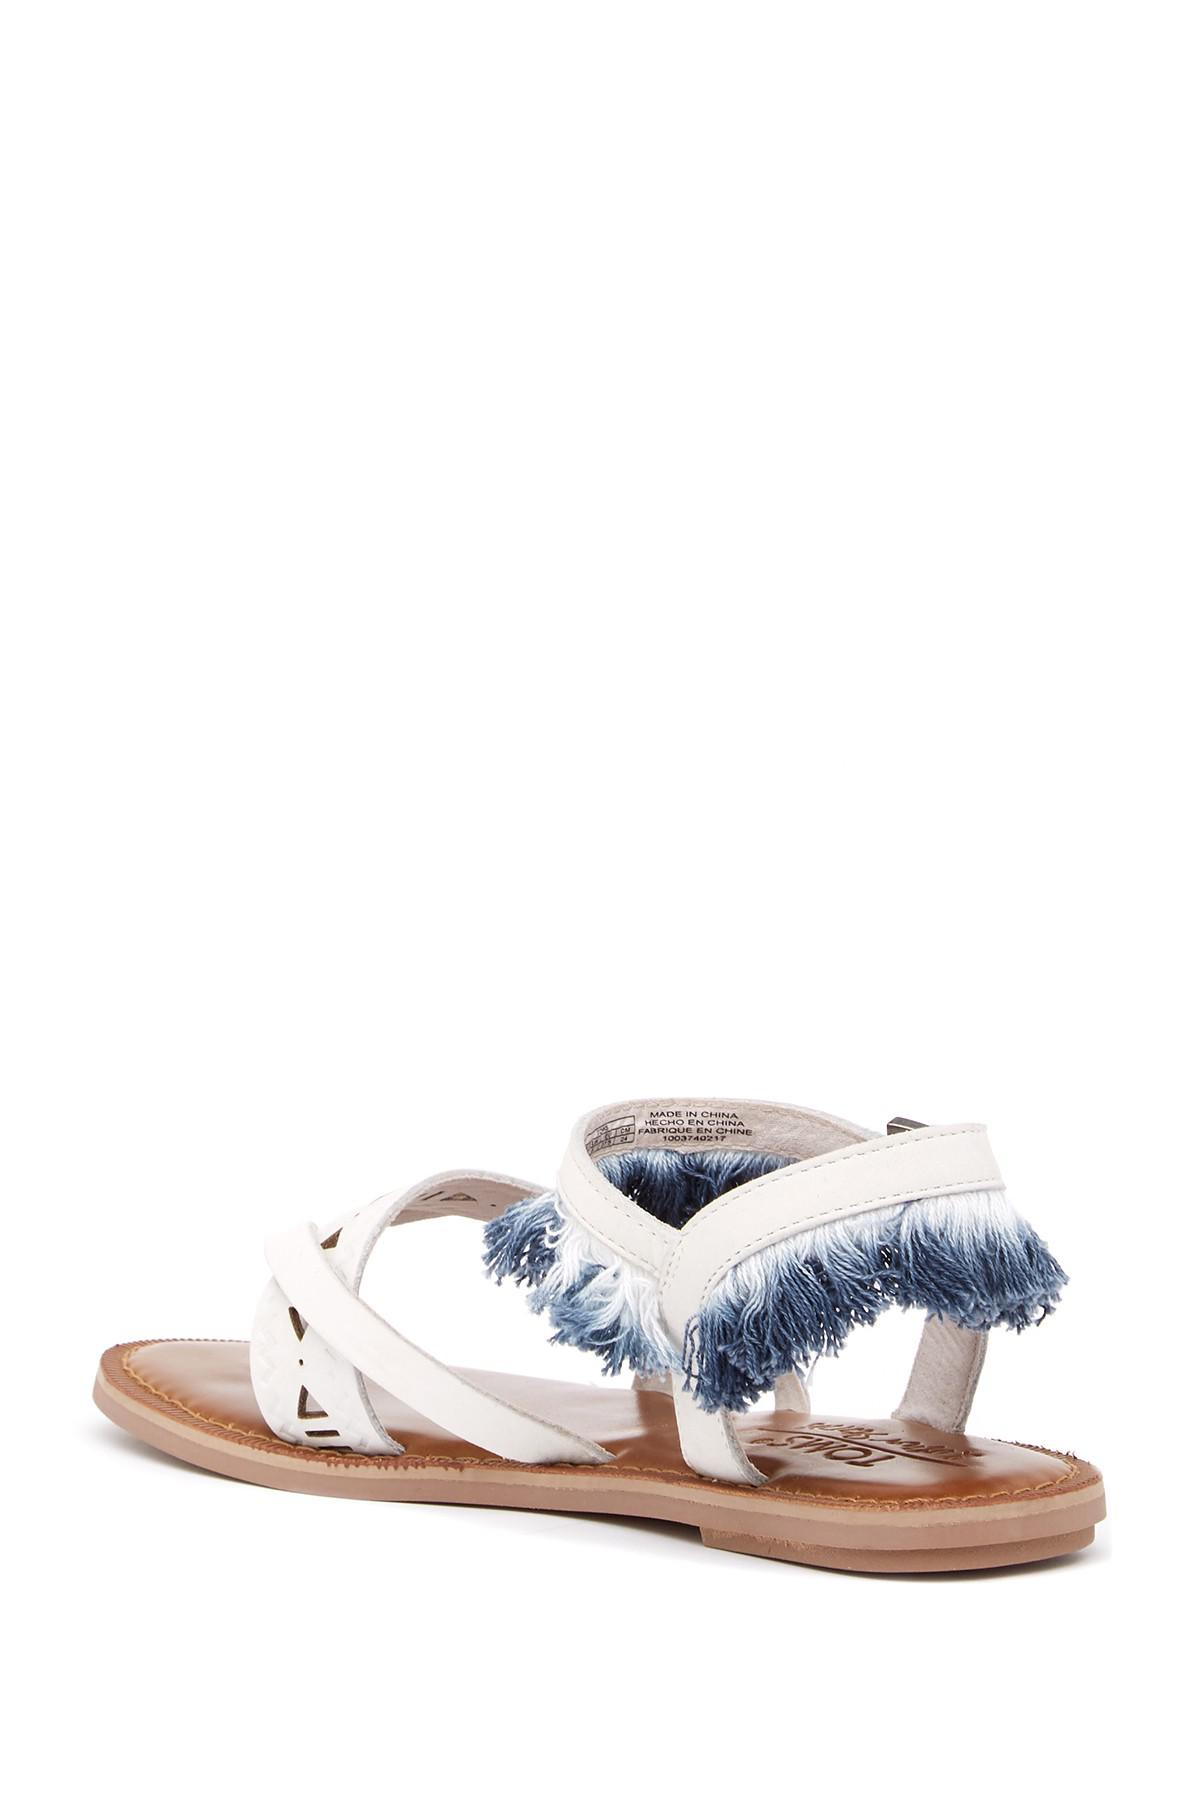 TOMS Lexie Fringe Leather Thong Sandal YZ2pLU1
= = = = = = =
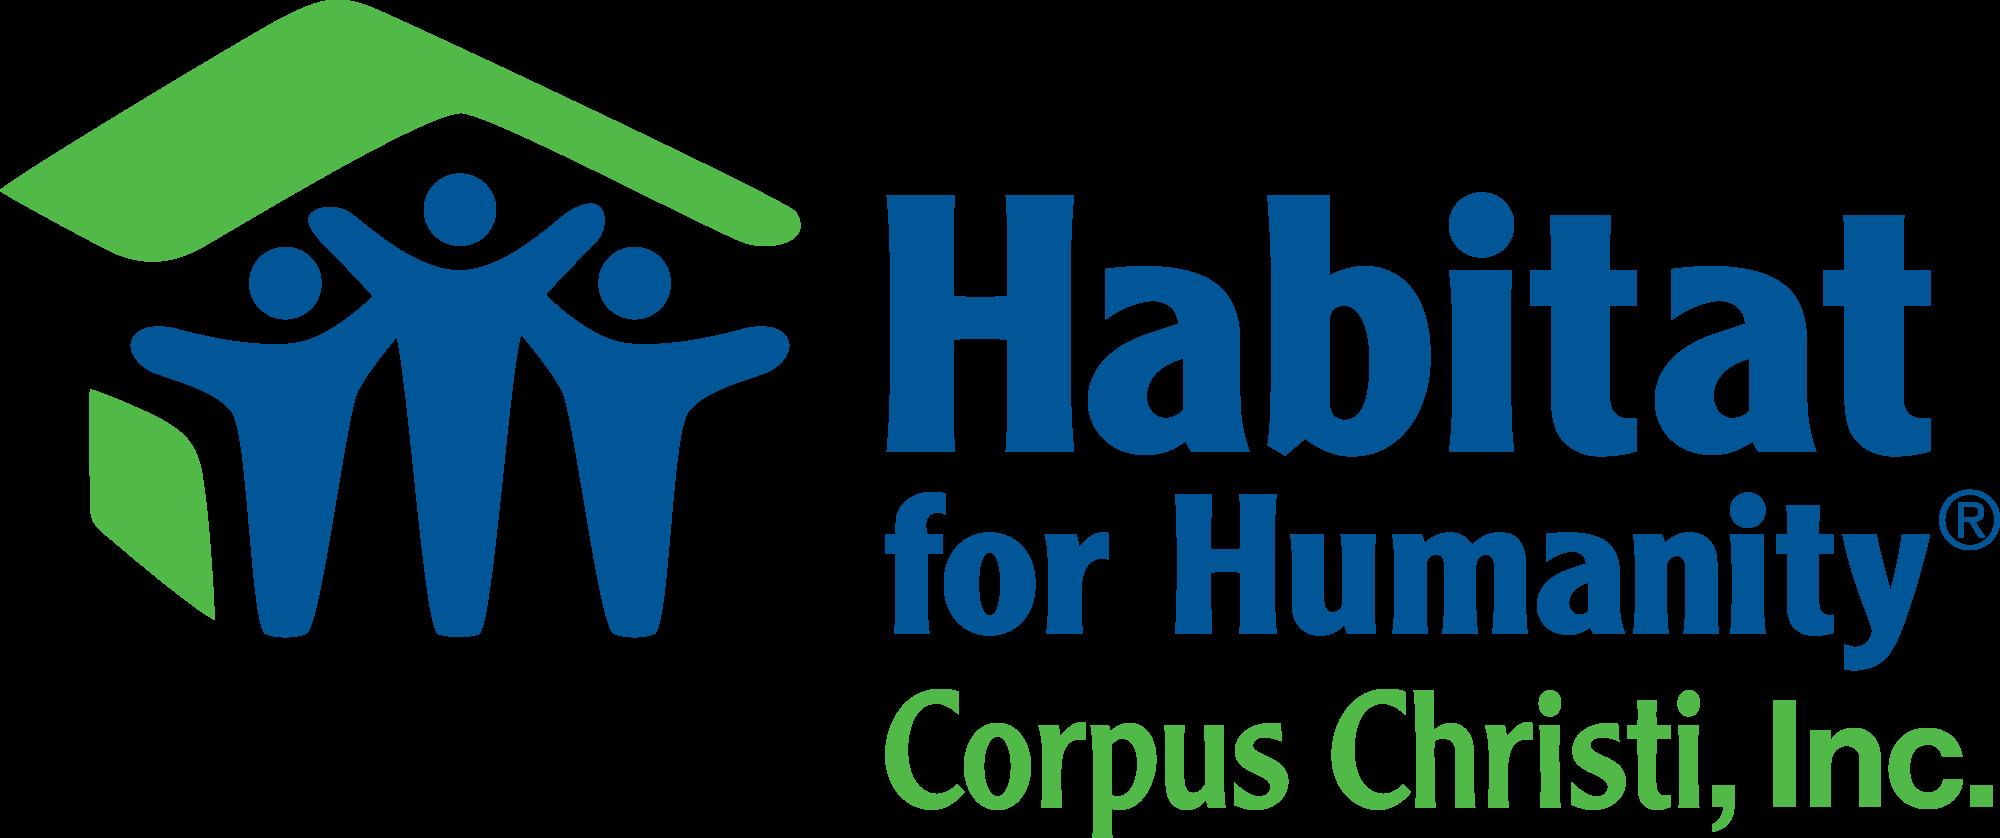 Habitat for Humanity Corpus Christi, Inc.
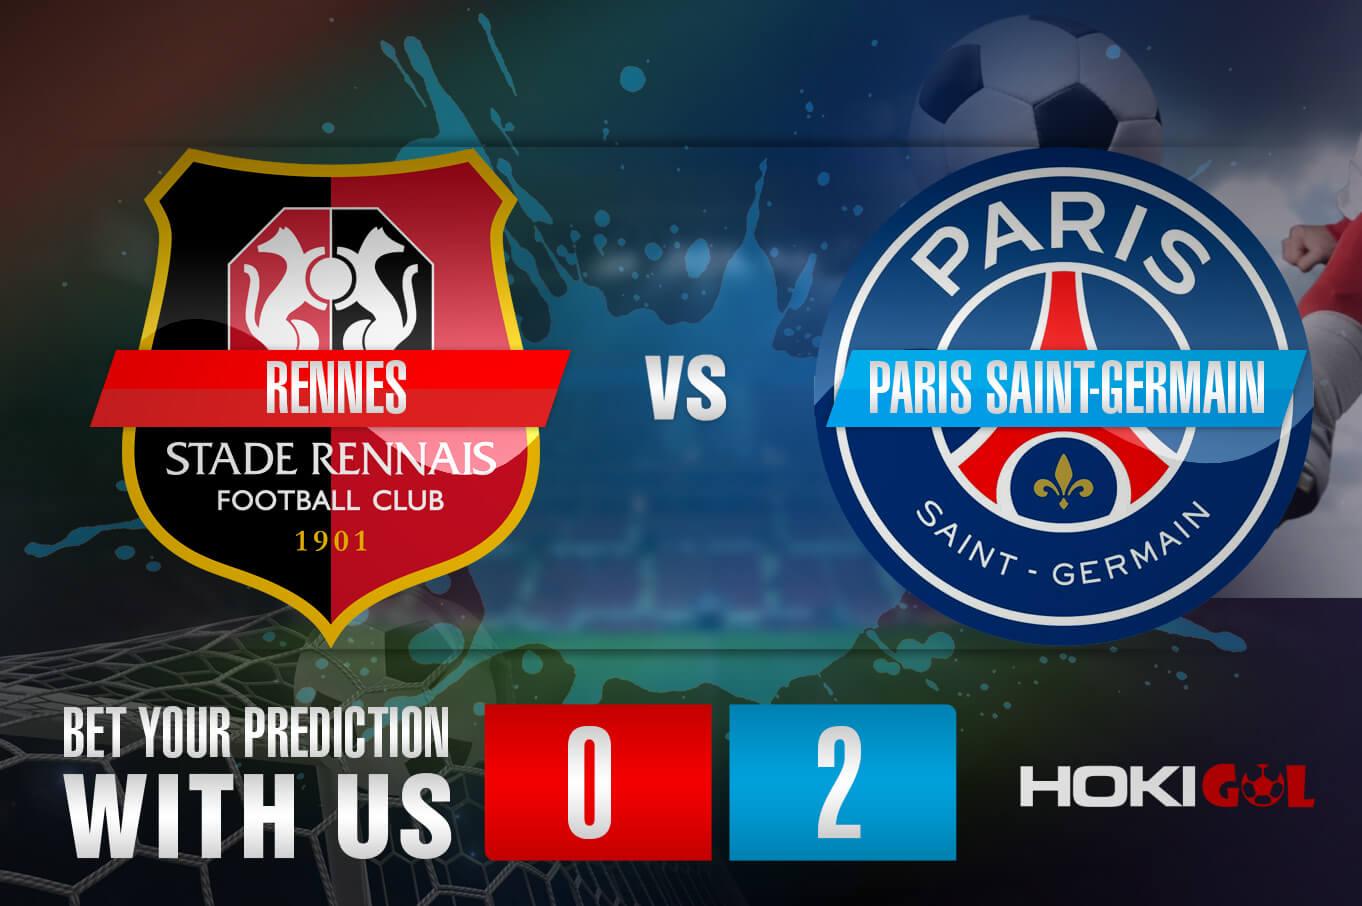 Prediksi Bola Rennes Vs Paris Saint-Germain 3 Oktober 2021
= = = = = = =
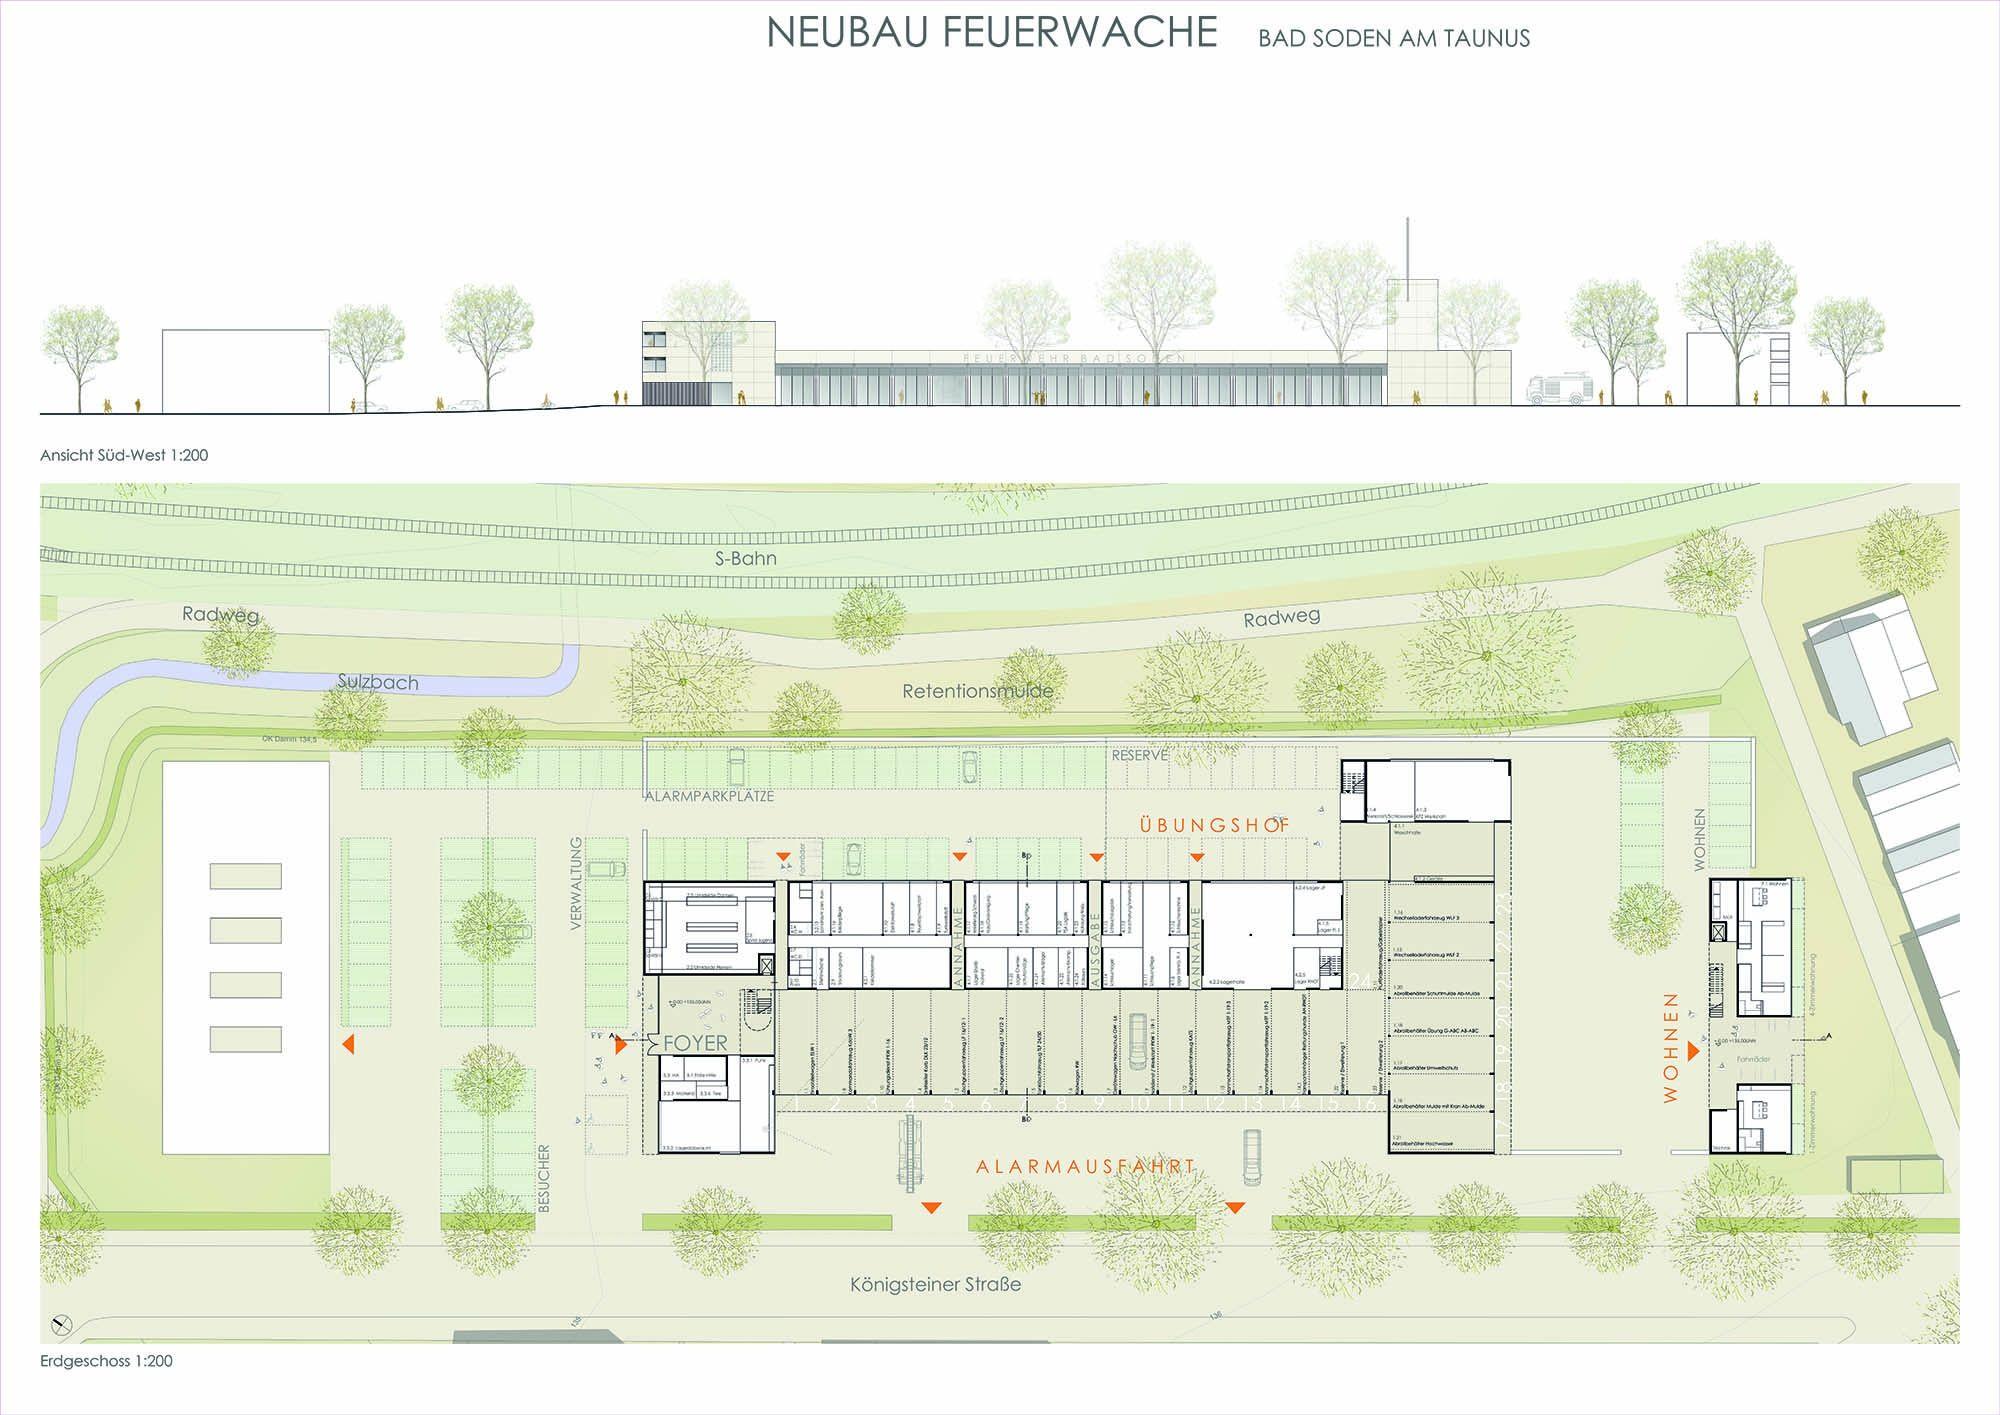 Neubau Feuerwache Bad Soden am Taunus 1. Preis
= = = = = = =
(ASSIGNMENT):
What to print is the stretch of entries from the line with "Habitat for Humanity Corpus Christi, Inc." up to and including the line with "Prediksi Bola Rennes". Please print it exactly and leave out the pictures.

(COMPLETED EXERCISE):
 Habitat for Humanity Corpus Christi, Inc.
 Prediksi Bola Rennes Vs Paris Saint-Germain 3 Oktober 2021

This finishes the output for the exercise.